Do practice using first simpler models, to get a better understanding

1 Like
#8

Hi @Umairnsr87 you’re welcome. Let me correct my earlier point.
The range should be -1 to +1 and not 0 to 1. Negative correlation can exist and features with with a negative correlation are still useful just like in linear regression where variables can have a negative weight.

Regarding your question, if the value is higher it indicates a strong linear relationship therefore you should pick the feature.
You can also plot a scatter plot of individual features against the target to show you the relationship in case it is linear.

1 Like
#9

Thanks alot for the patience @chriskinyua can you please explain the concept of normalizing the variables. I am pretty confused with this concept when to do when not to do. It will be my pleasure brother.

1 Like
#10

Hi @Umairnsr87, apologies for the late reply.
First I’ll try to explain what a normal distribution is and why it is important.

A normal distribution of a variable takes the shape of a bell curve where most values tend towards the center of the distribution and the distribution’s mean, median and mode are equal.

This is important because a lot of machine learning algorithms assumes that data a normal distribution before fitting the data.
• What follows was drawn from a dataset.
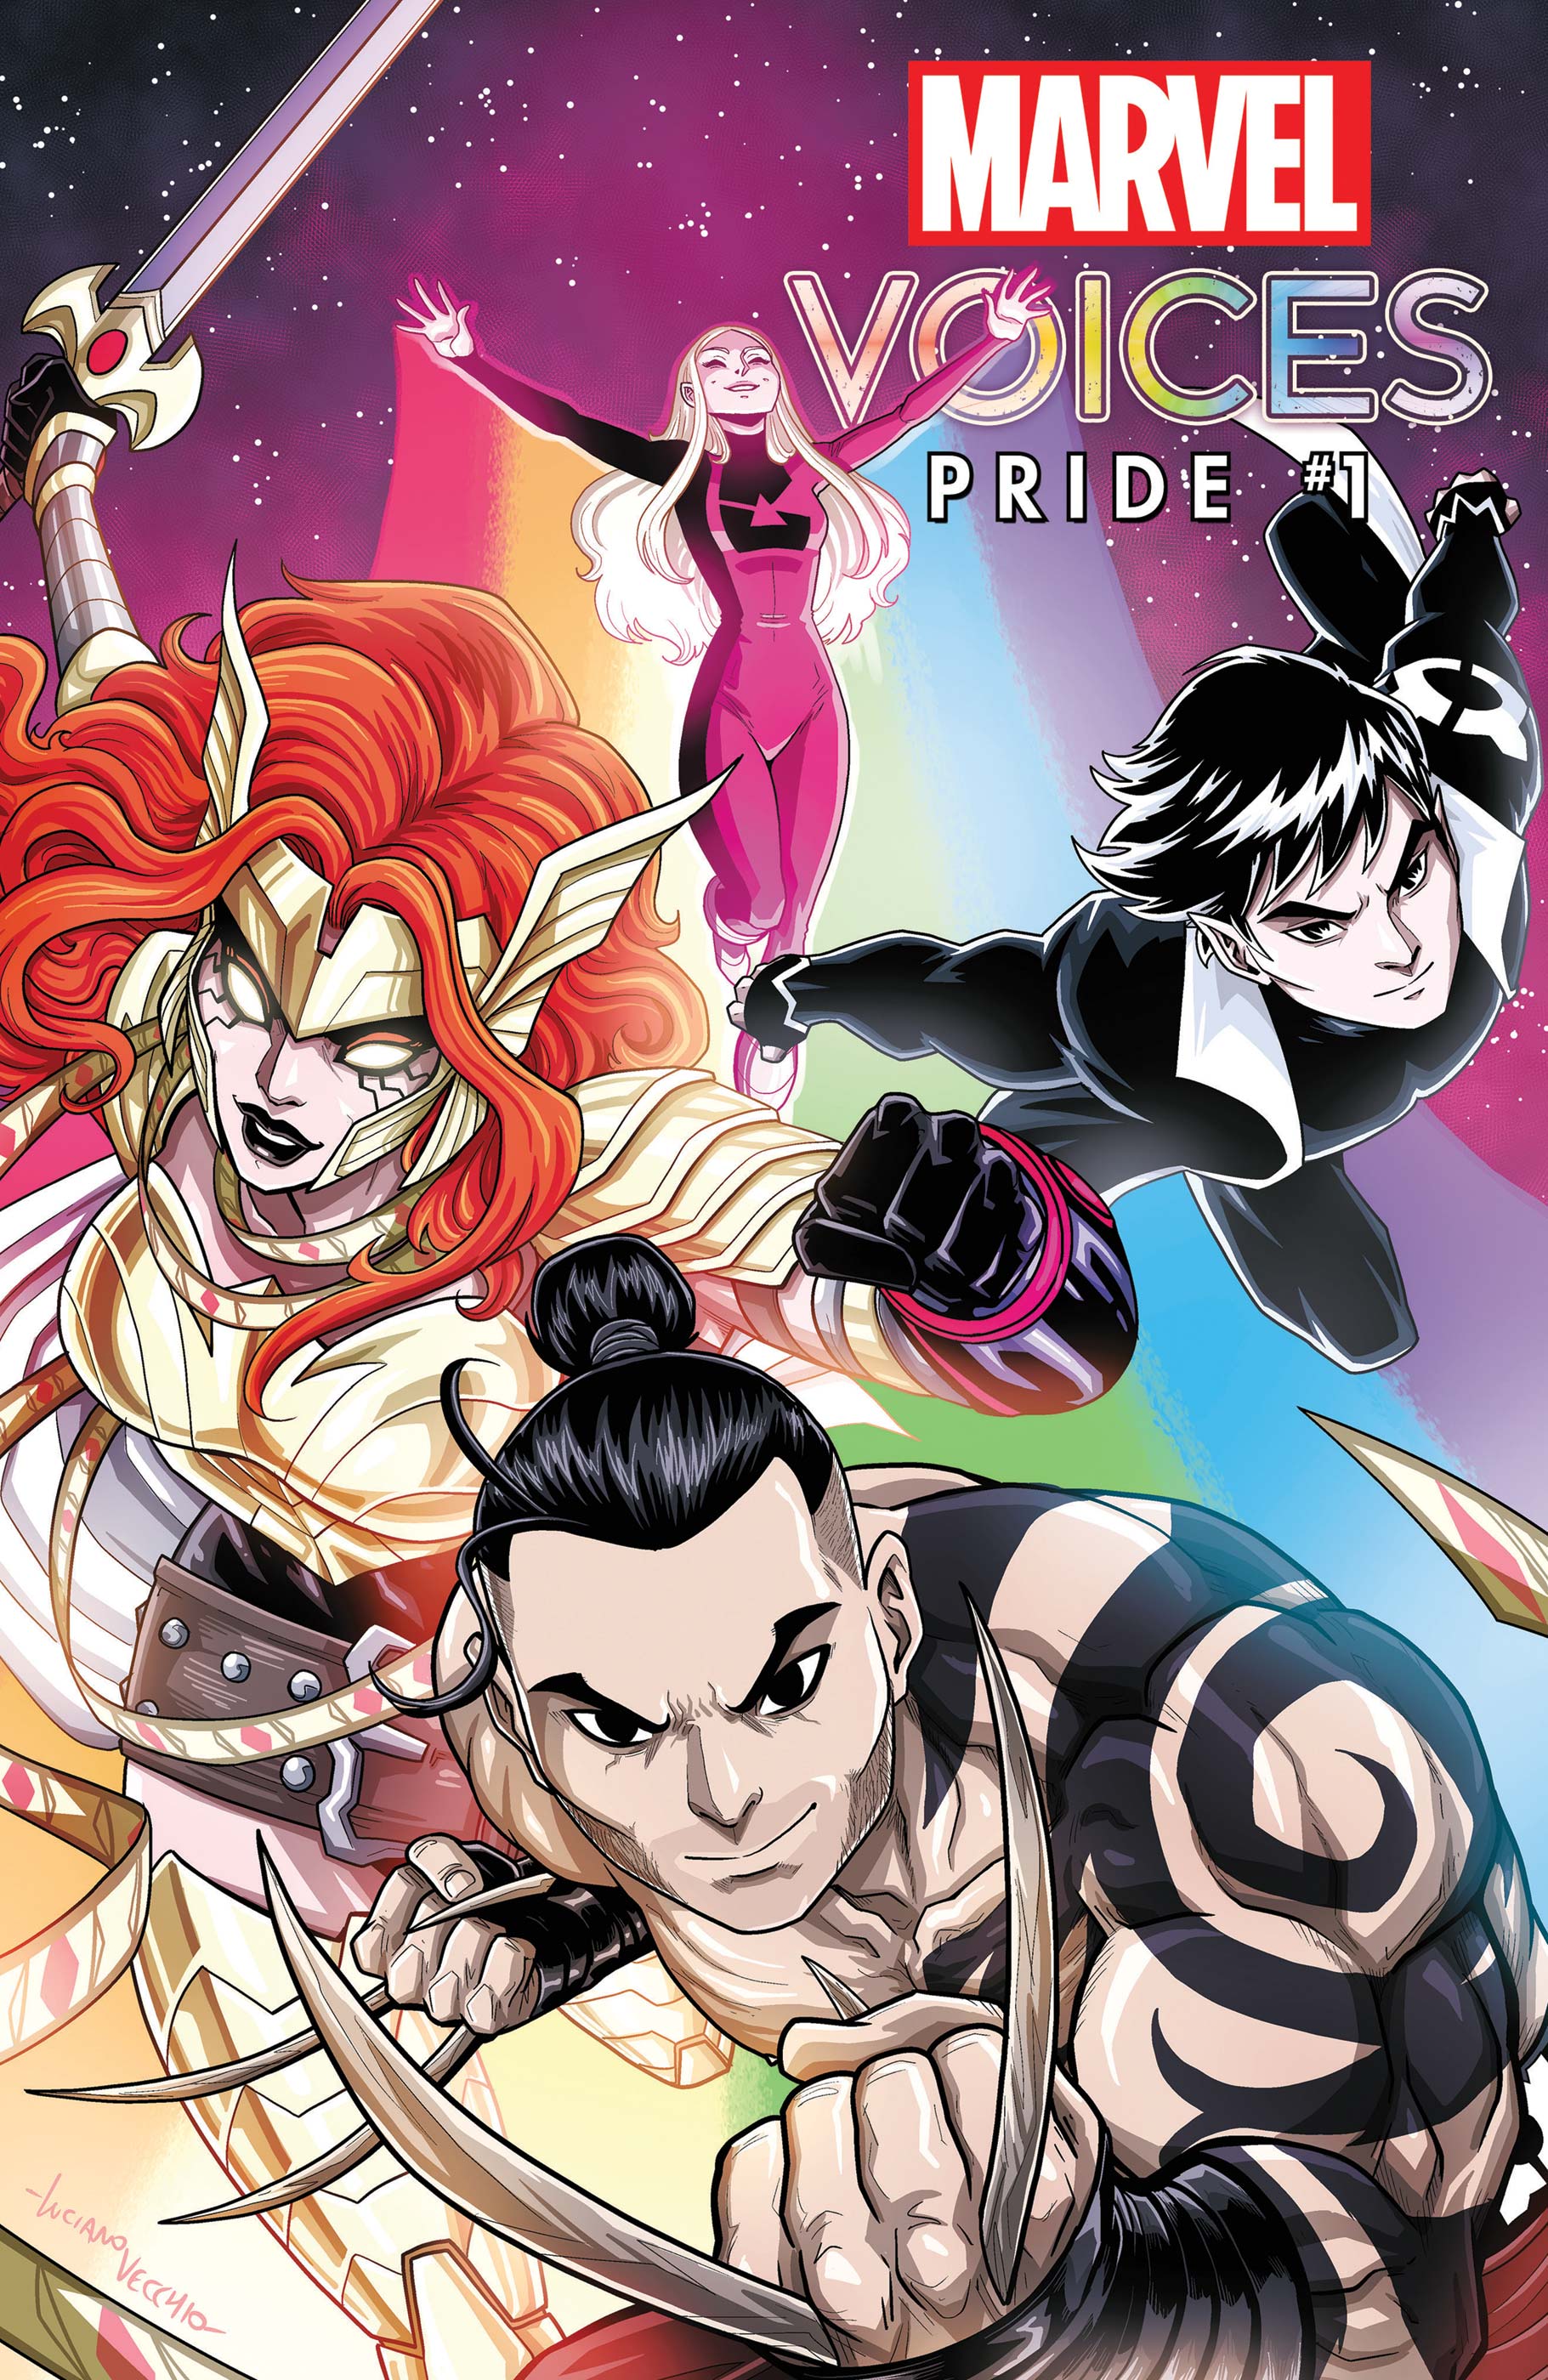 Marvel's Voices: Pride (2021) #1

This is also supported by the Central Limit Theorem which states that a sample taken from the distribution will follow a normal distribution and the mean will be equal to the original distribution.
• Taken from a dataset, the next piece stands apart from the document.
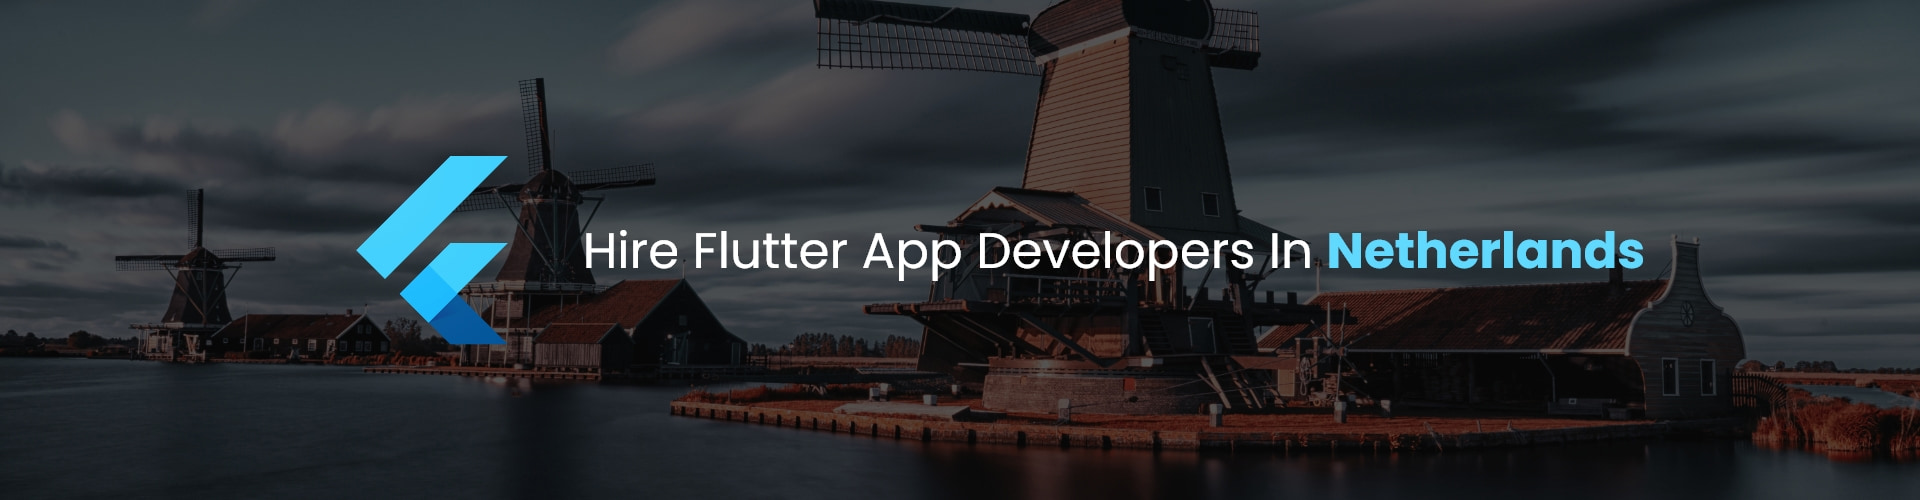 flutter app developers in netherlands

In order to determine if your distribution is normal, you can apply statistical methods such as plotting the probability density function of a variable and calculating its skewness.
A normal distribution is symmetric on either side of its mean/center. To best describe symmetry, skewness is used a metric. The distribution can be left skewed or right skewed and a normal distribution has a skewness of 0. Negative values indicate data that is left skewed and positive values indicate data that are right skewed.

Depending on the skewness and type of data, you can apply the various types of normalization techniques. This will help in transforming your data into a normal distribution and ensure your algorithm fits data without variation.
You do not need to normalize your data if it already fits a normal distribution.